RAW DATA.
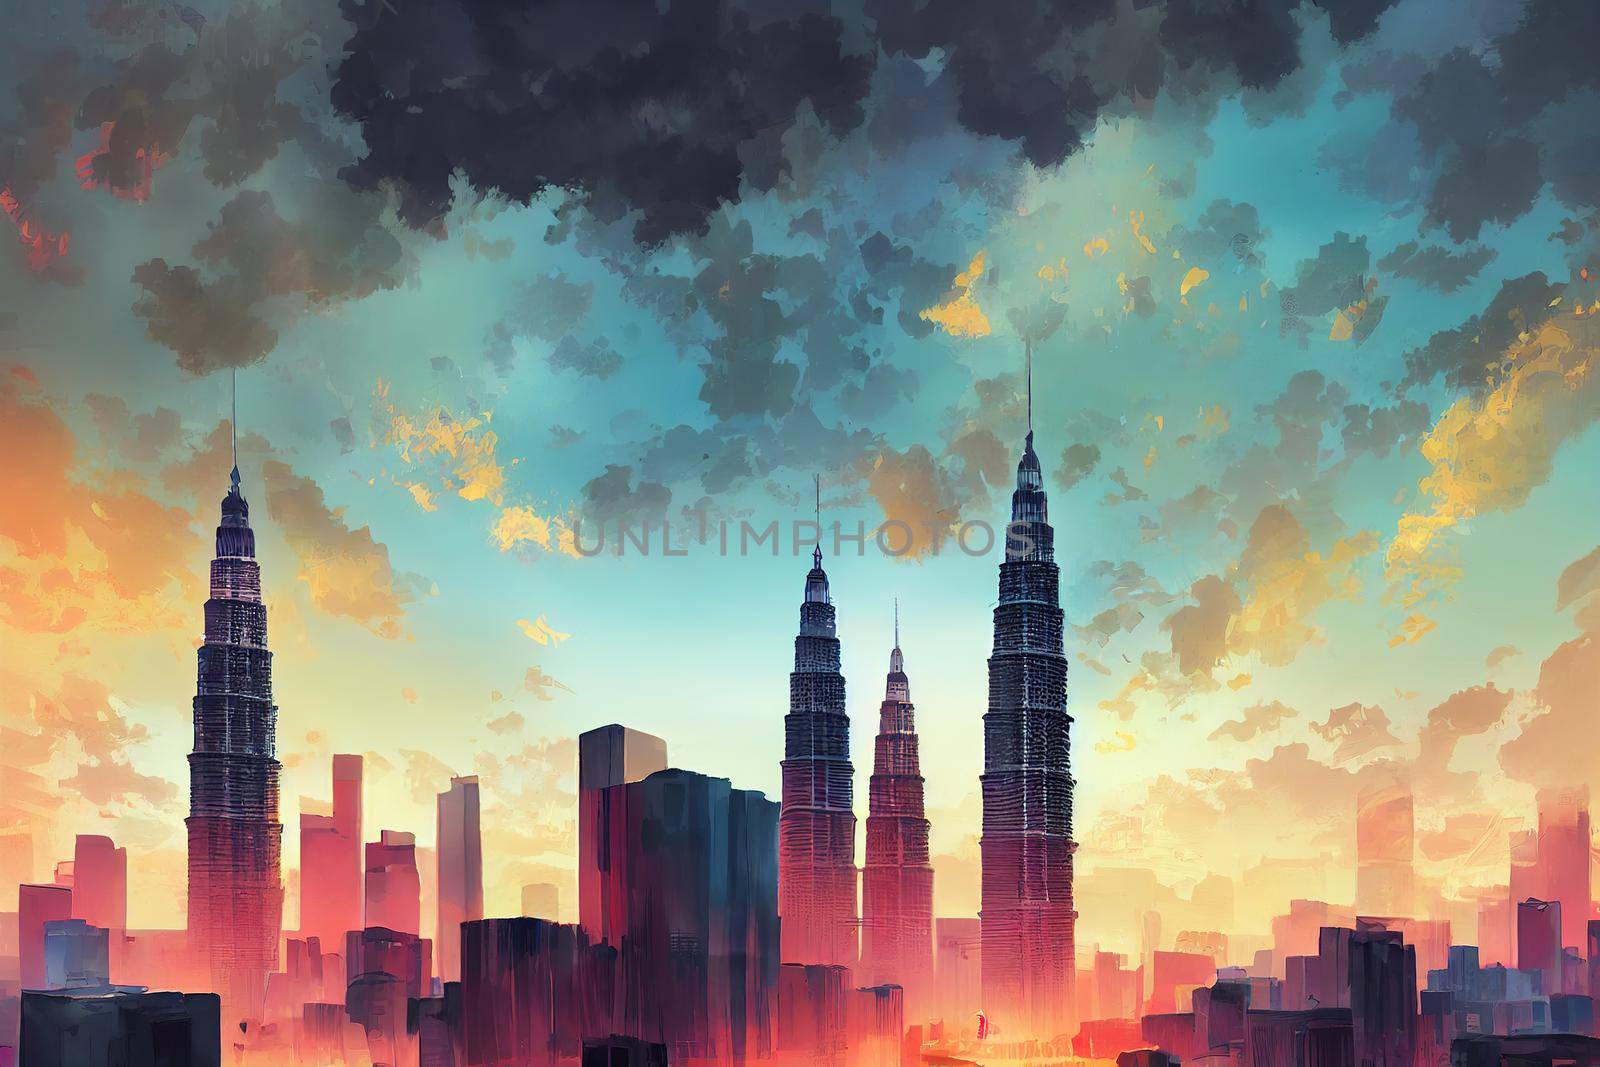 Kuala Lumpur abstract city 2d Anime illustration V2 High quality 2d illustration
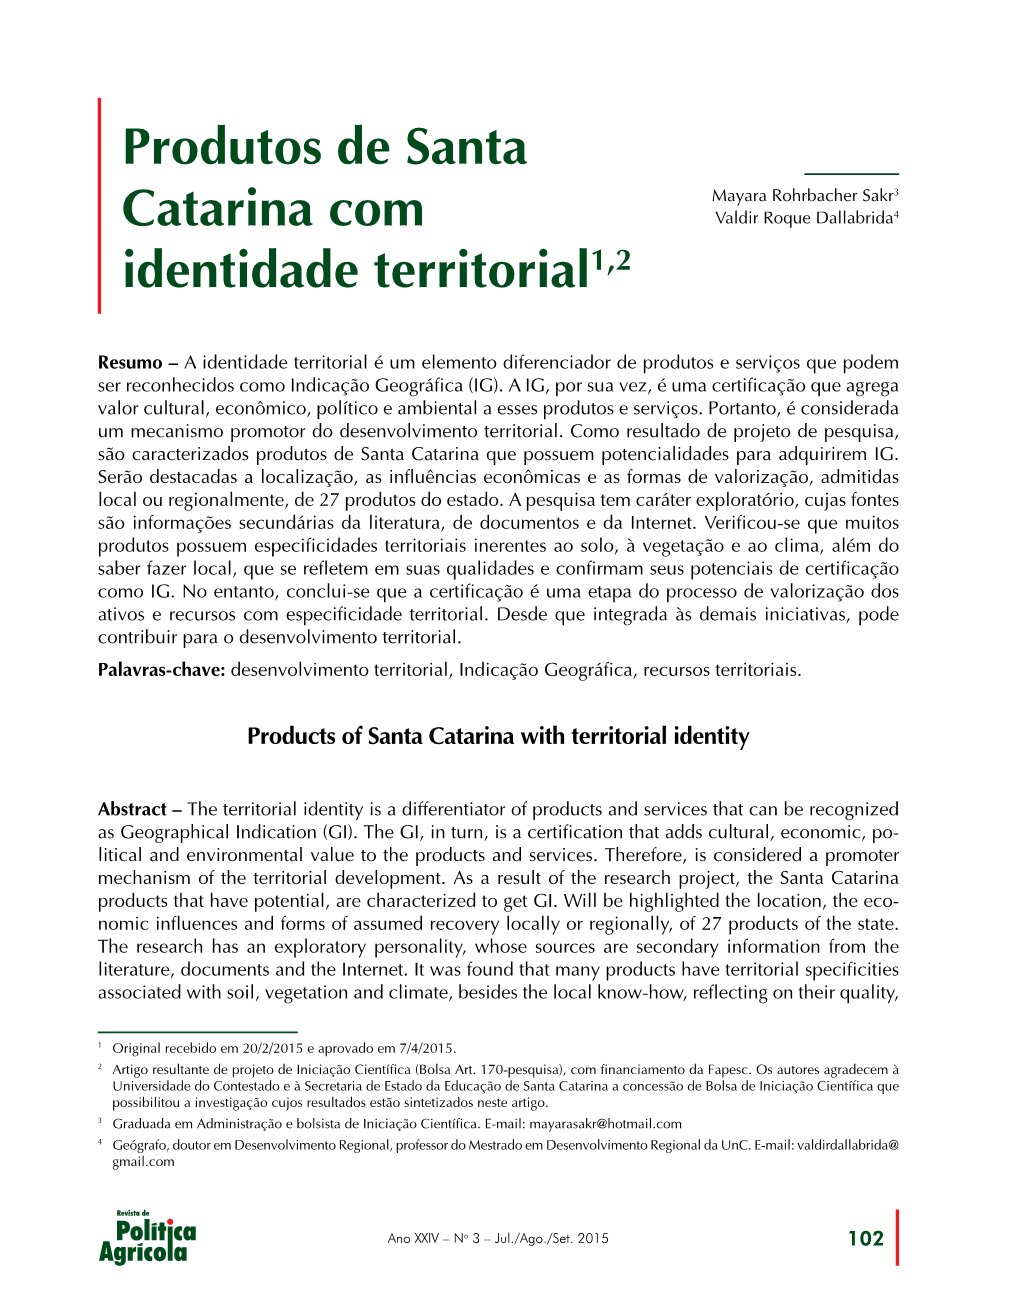 Produtos De Santa Catarina Com Identidade Territorial1,2
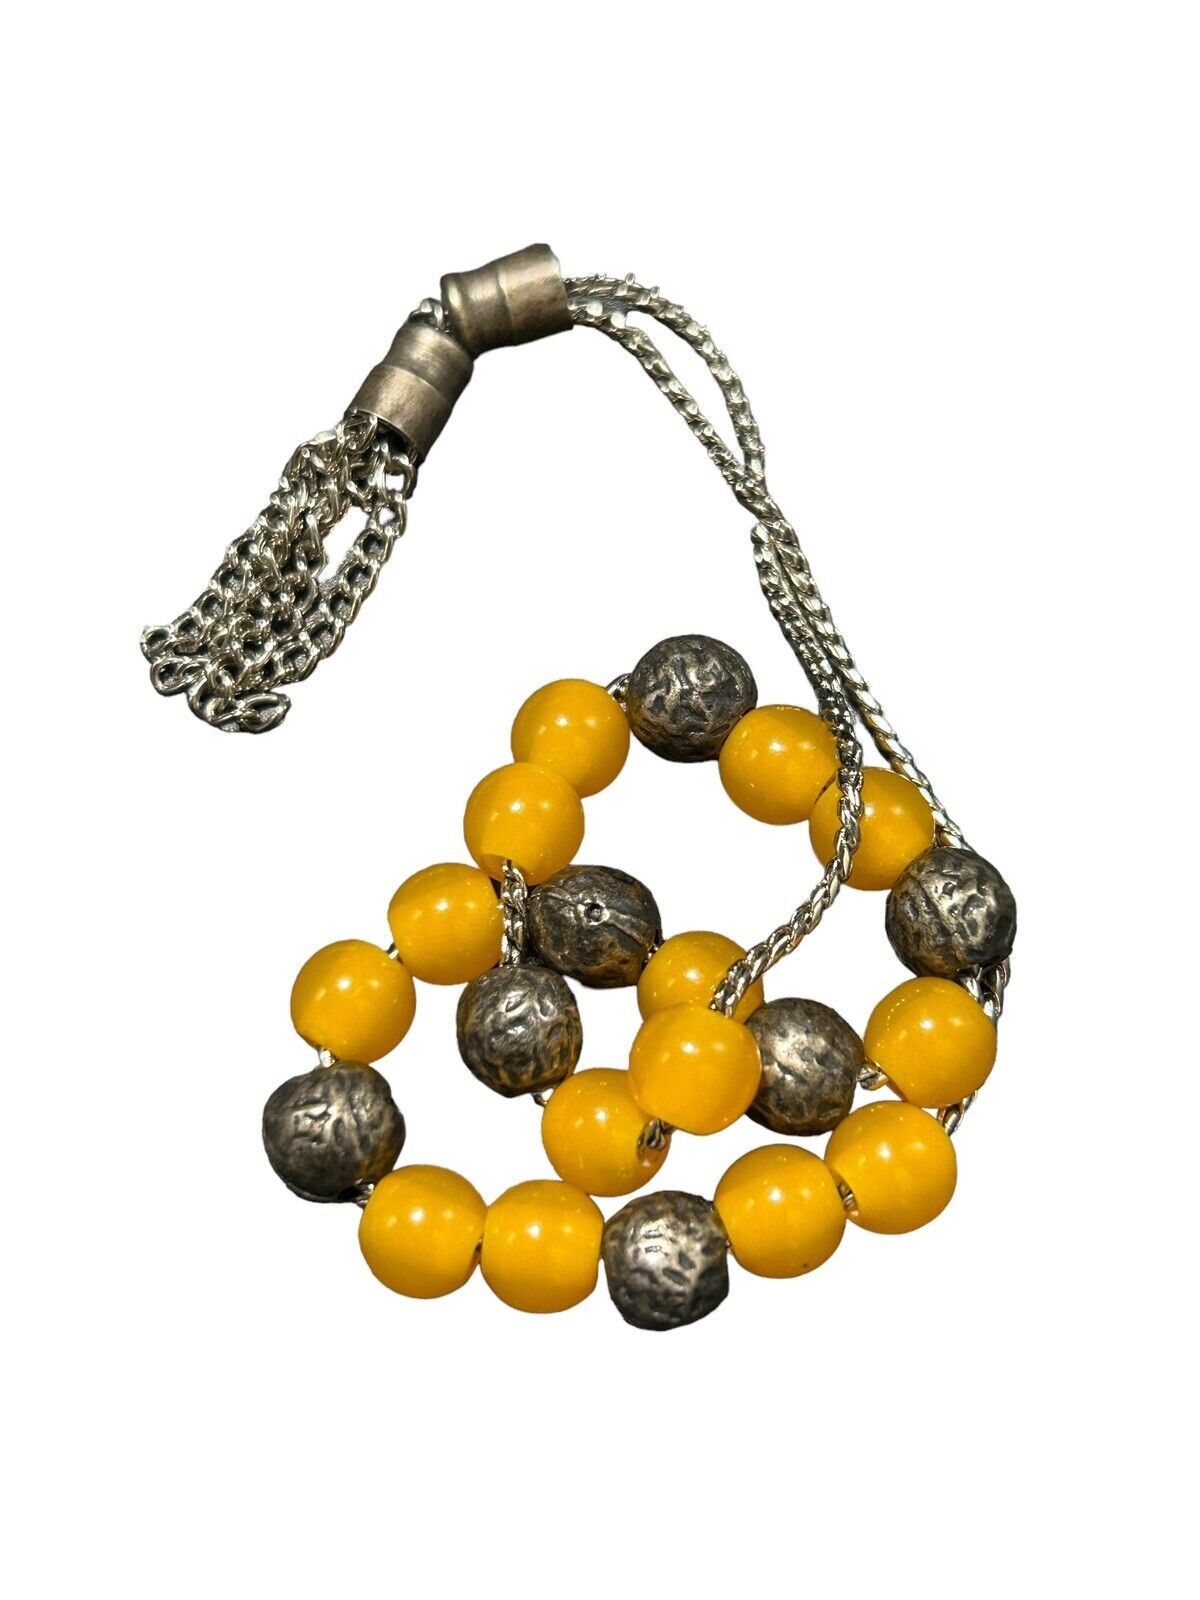 Vintage Agate Prayer Beads Islamic Rosary Yellow Silver Gemstone Toggle
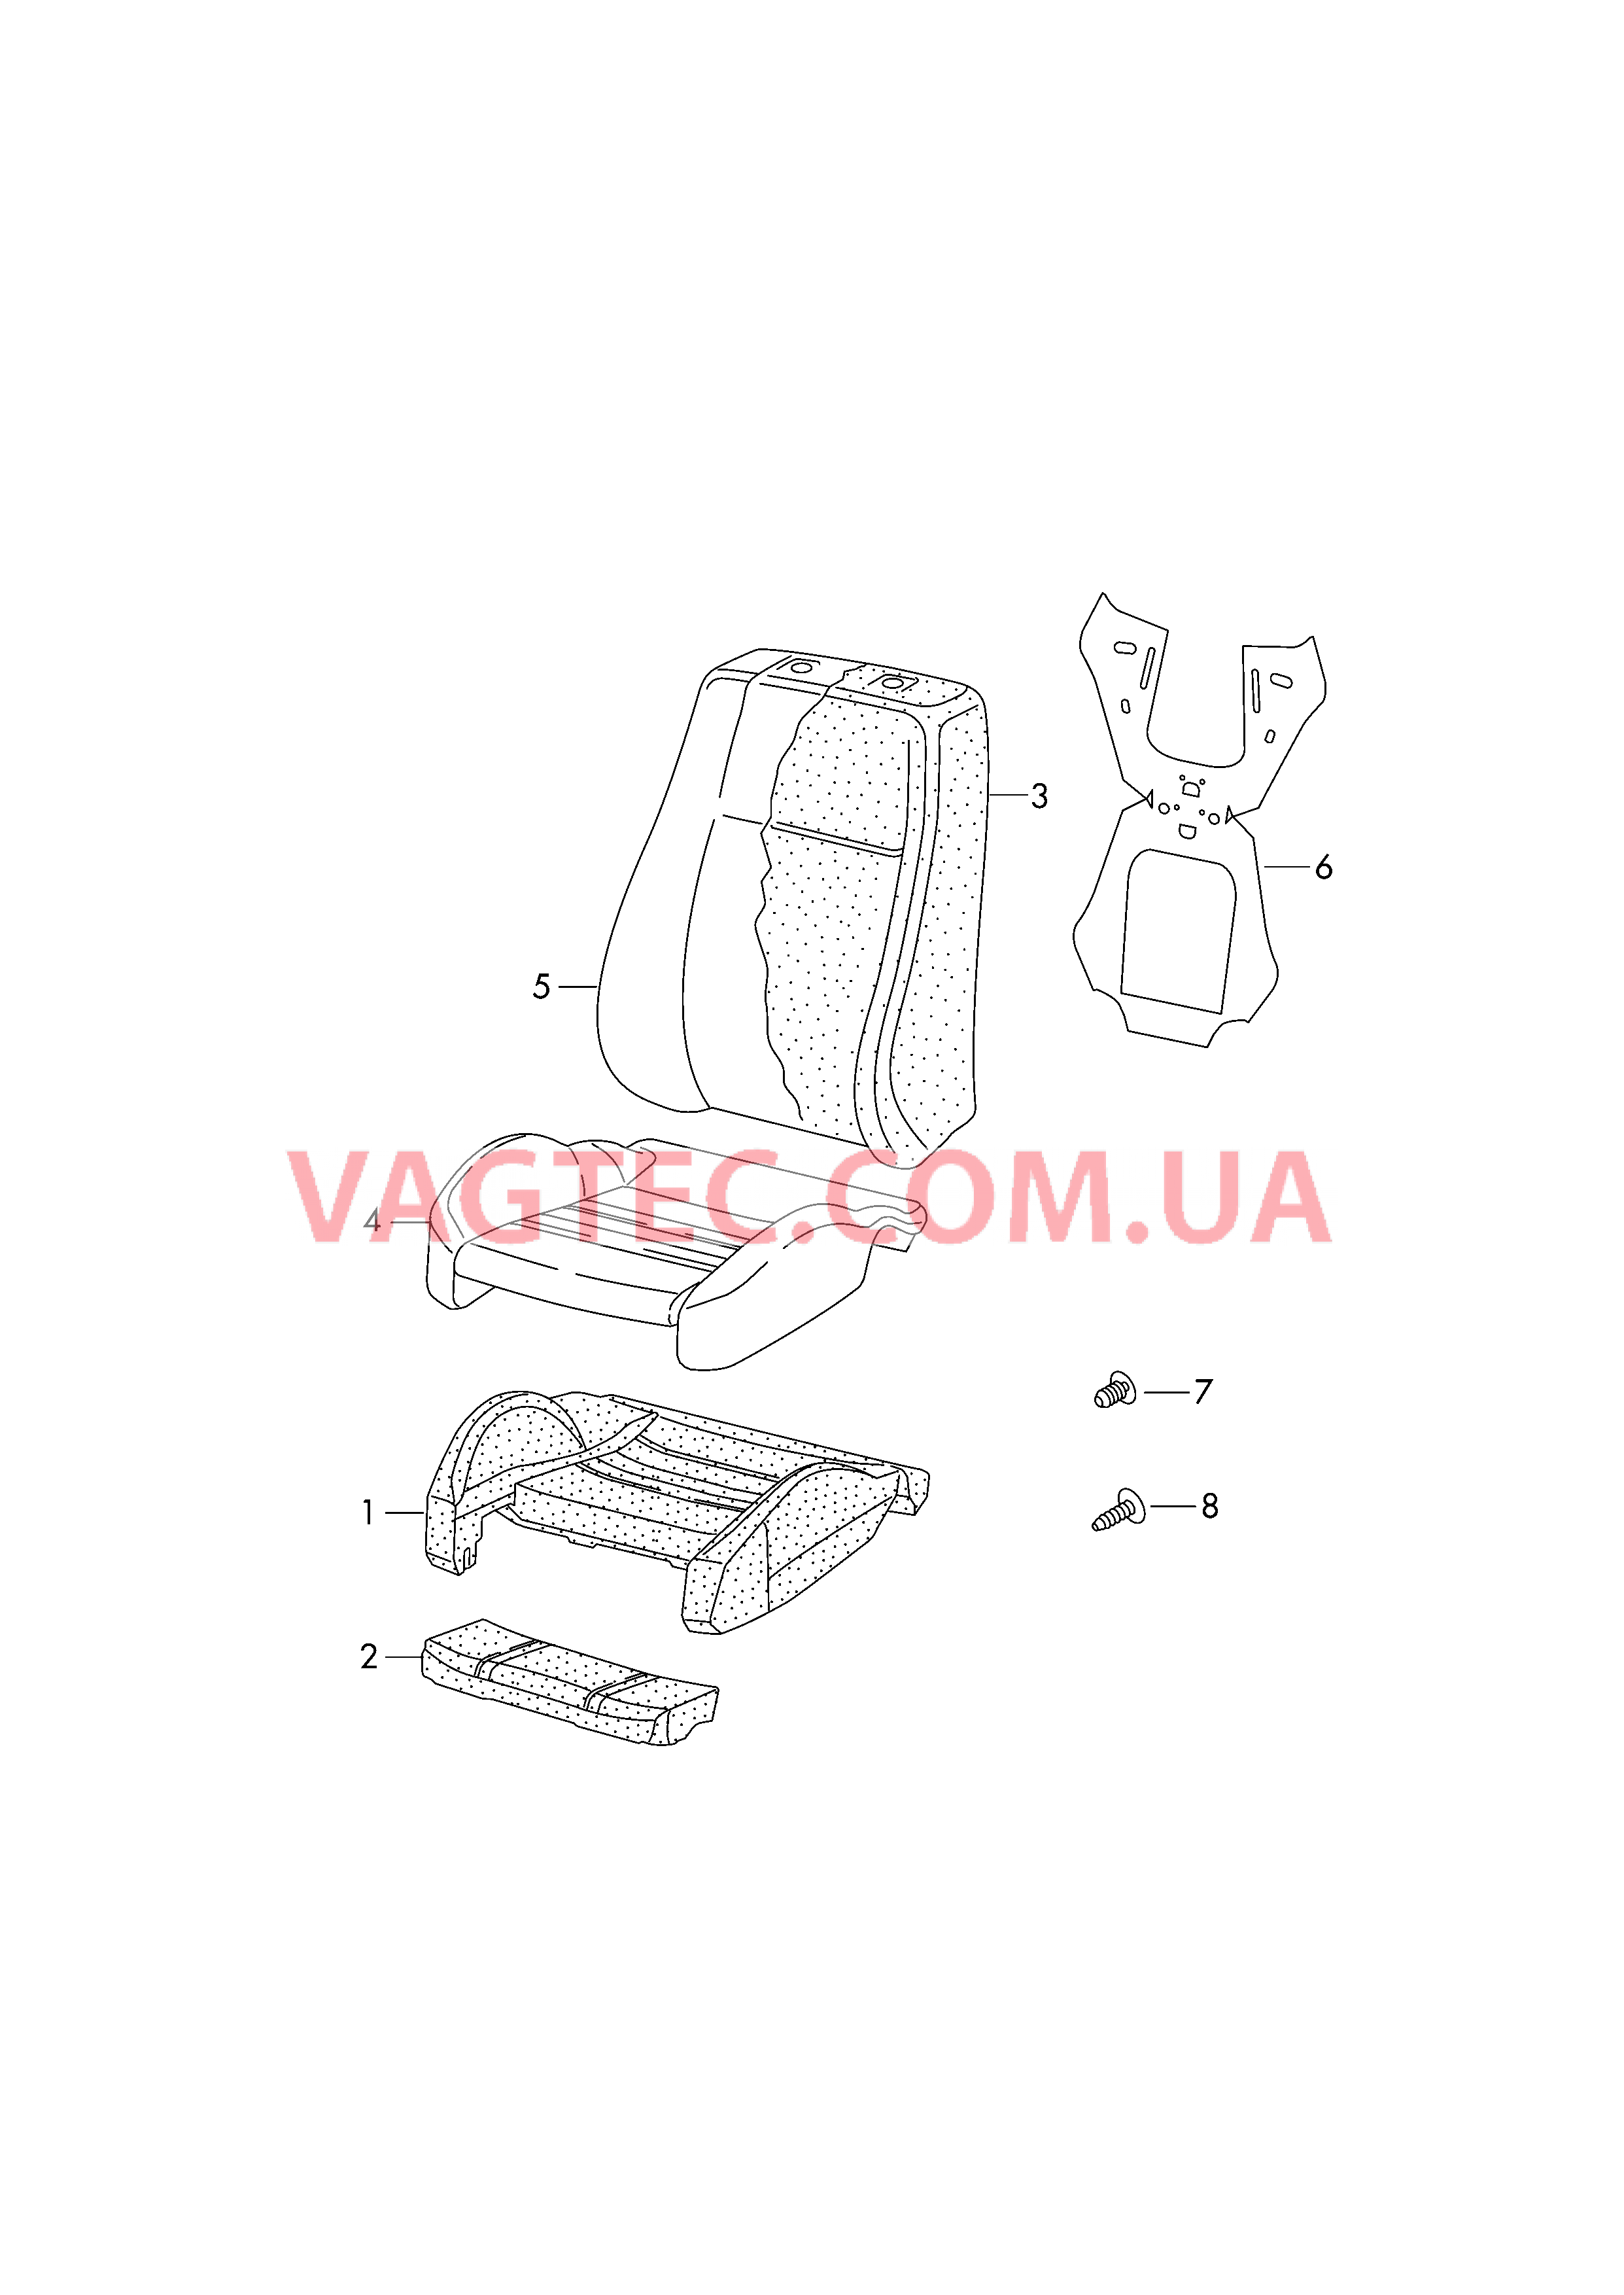 Подушка сиденья Набивка спинки Обивка подушки и спинки сиден.  для AUDI Q5 2018

DESCRIPTION OF THE TASK.
Copy each line above exactly, with no images.

EXPECTED ANSWER.
 Kuala Lumpur abstract city 2d Anime illustration V2 High quality 2d illustration
 Produtos De Santa Catarina Com Identidade Territorial1,2
 Vintage Agate Prayer Beads Islamic Rosary Yellow Silver Gemstone Toggle
 Подушка сиденья Набивка спинки Обивка подушки и спинки сиден.  для AUDI Q5 2018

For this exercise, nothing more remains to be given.